Most agent projects fail on the architecture, not the model. An agent demo takes an afternoon. An agent you can put in front of customers, audit, and pay for at the end of the month takes architecture.
Teams obsess over which model to use, then ship a system with no guardrails, no traces, and no cost caps.
The common pattern: pick a model, wire it to your tools, demo it, then try to bolt on safety and observability after the first surprise bill.
The approach that works: name the seven layers first, choose one orchestration pattern, write the handoff contracts and guardrails up front, then trace and cap everything before real traffic.
Every production agent system has the same seven layers whether you named them or not: interface, orchestration, agents and tools.

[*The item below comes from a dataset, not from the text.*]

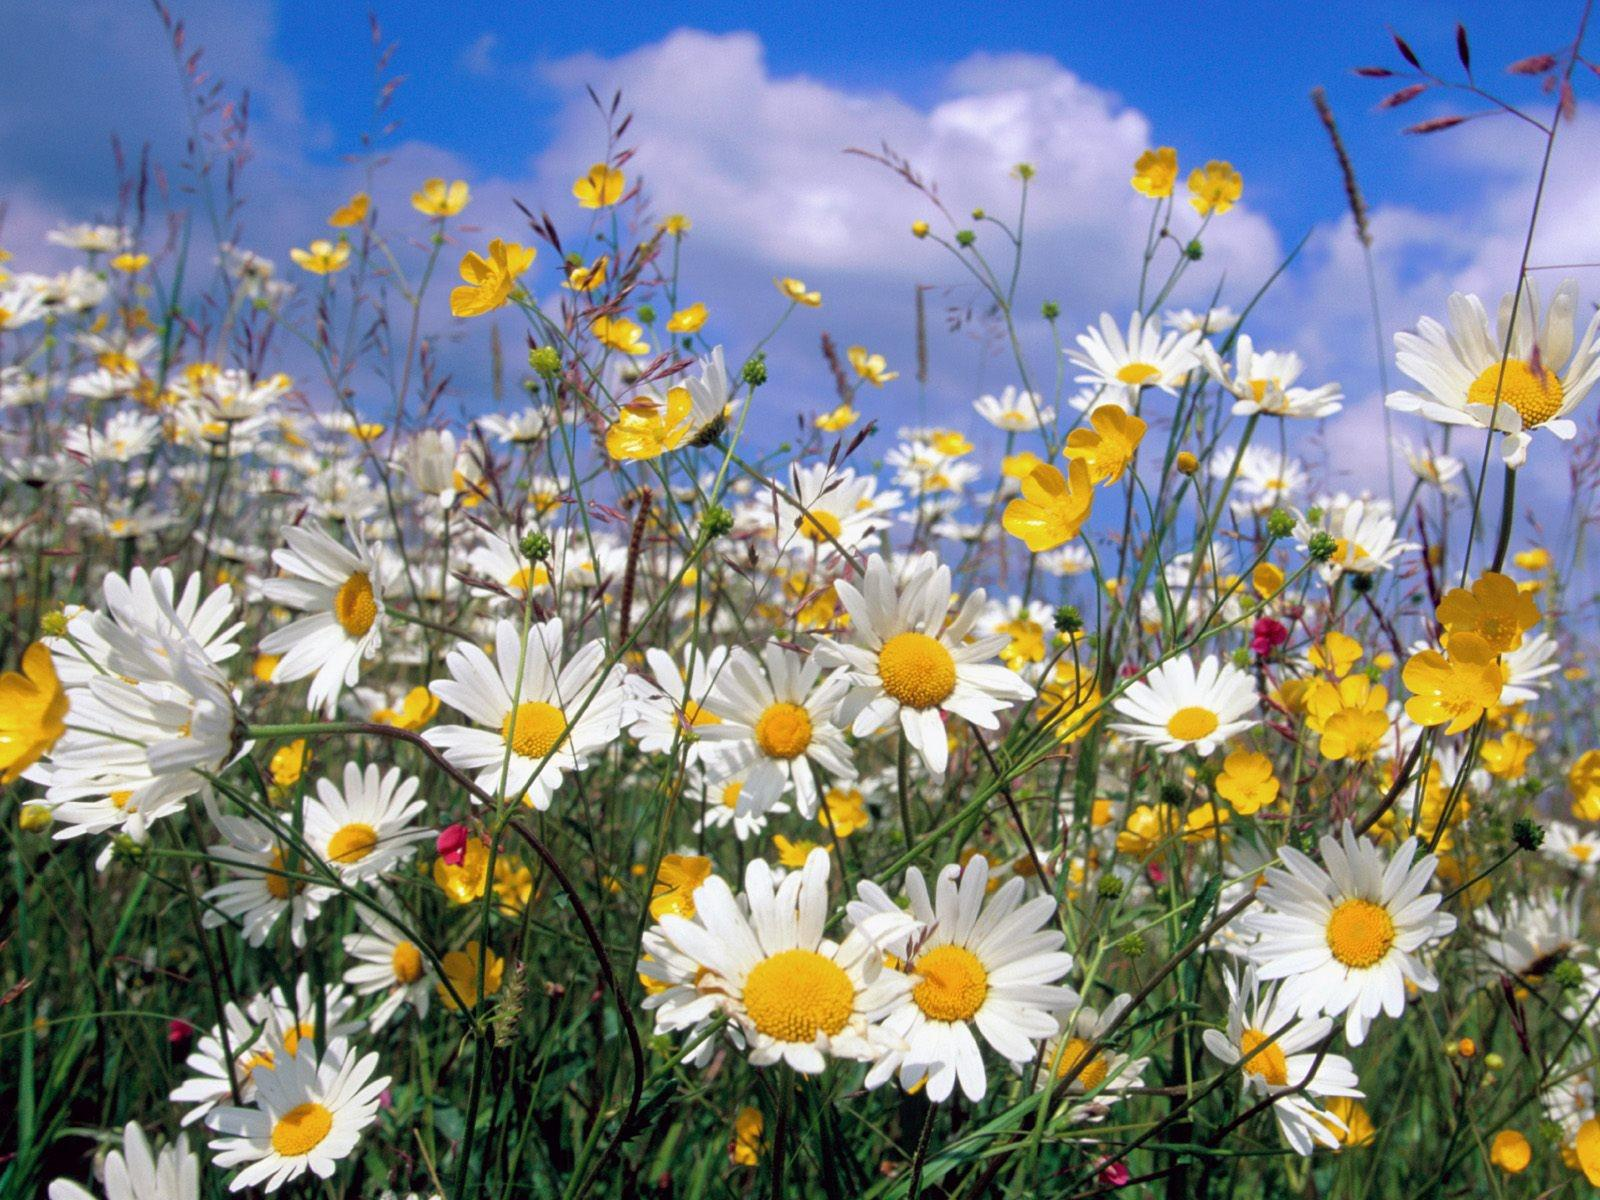 http://4.bp.blogspot.com/-Ul4iR-sOg_o/Tb8xDdvVUXI/AAAAAAAAAHg/kSpv-N1aL3c/s1600/p8-164-wallpaper-fleurs.jpg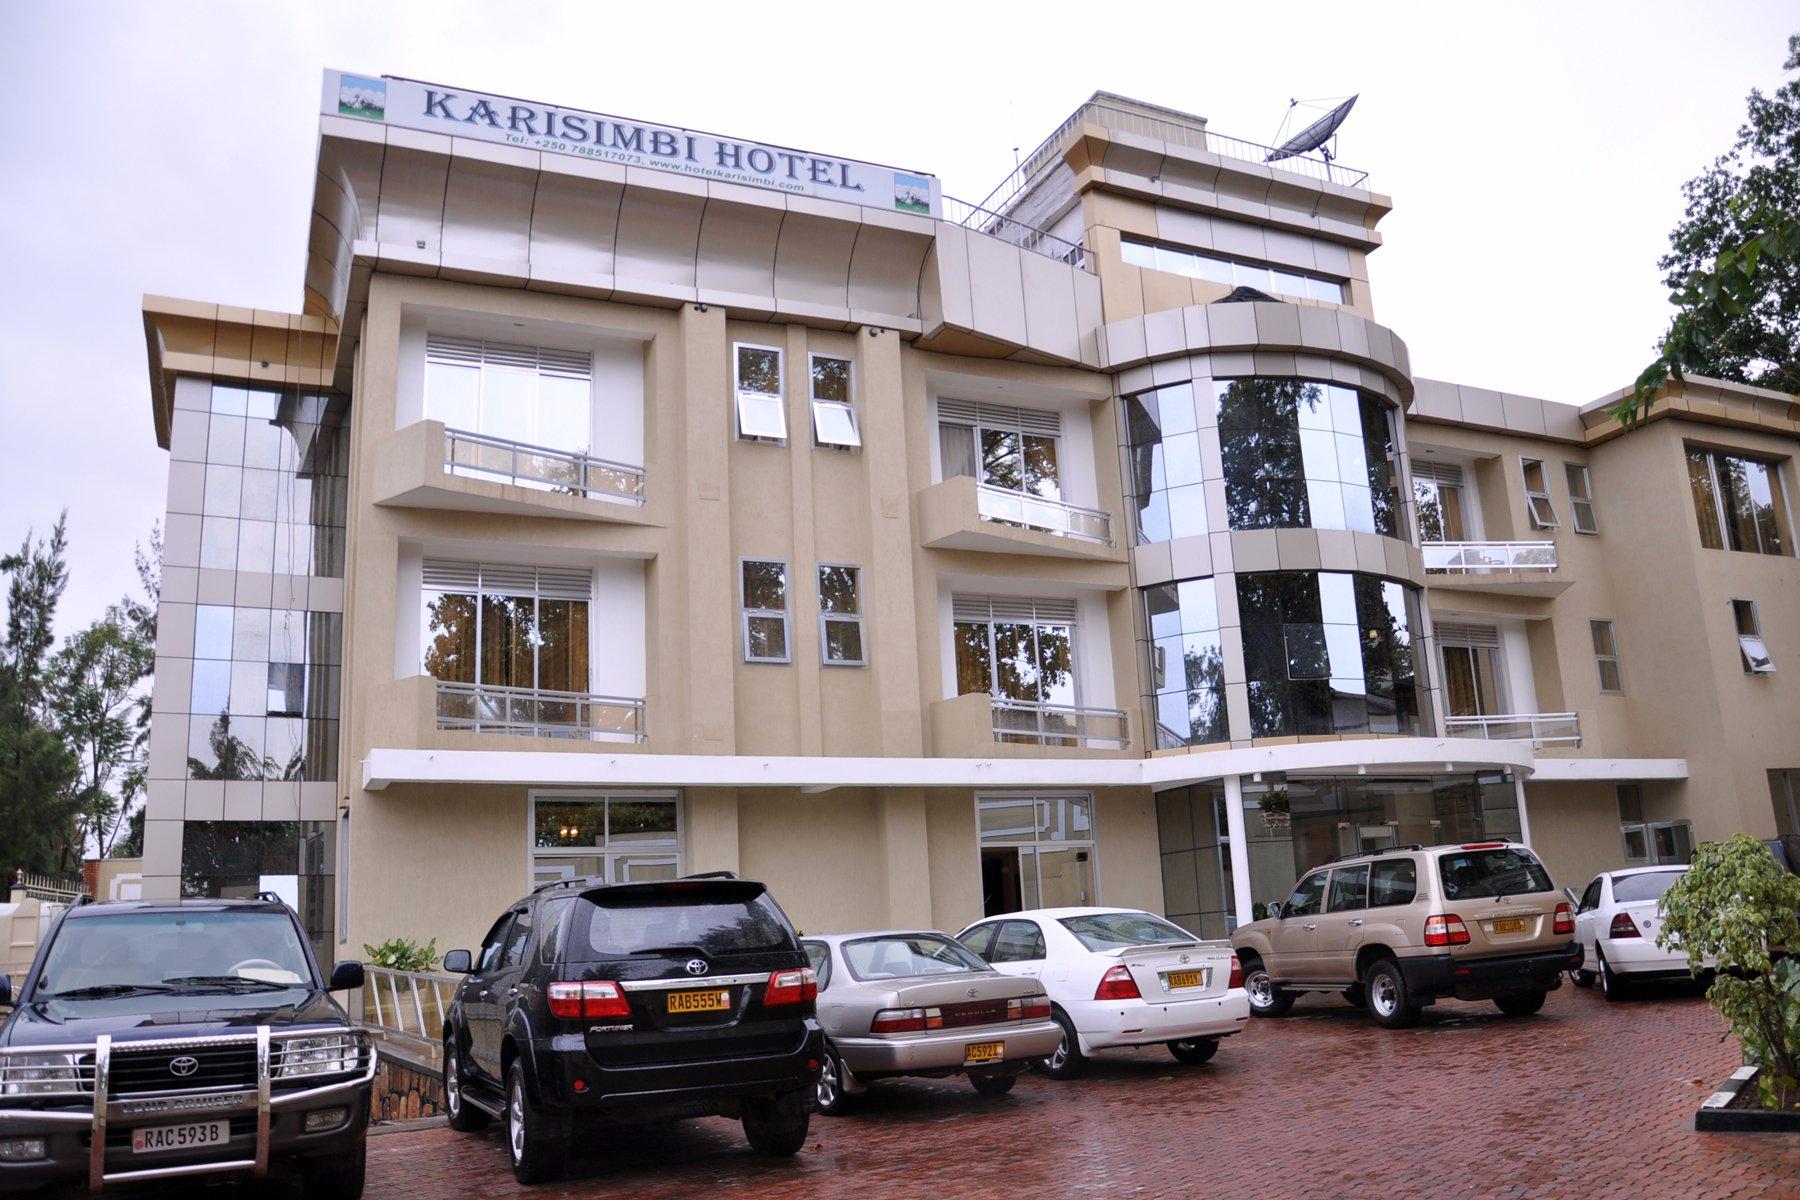 Hotel Kasirimbi

The orchestration pattern is the first real decision and the one teams get wrong most.
Guardrails are not a feature you add at the end. They are the rules that decide whether this ships.
A map of every layer in a production agent system, top to bottom. Read it one way and it is the request path.
Supervisor, hierarchical, pipeline, and peer-to-peer, laid out side by side: how each works, when to use it, and what to watch out for.
Blank rows you complete for every agent: one goal, the tools it can call, the actions it is allowed, and the rule that makes it escalate.
The three places to put a guardrail, a fill-in table for where a human must approve, and a final checklist you run as a gate before you ship.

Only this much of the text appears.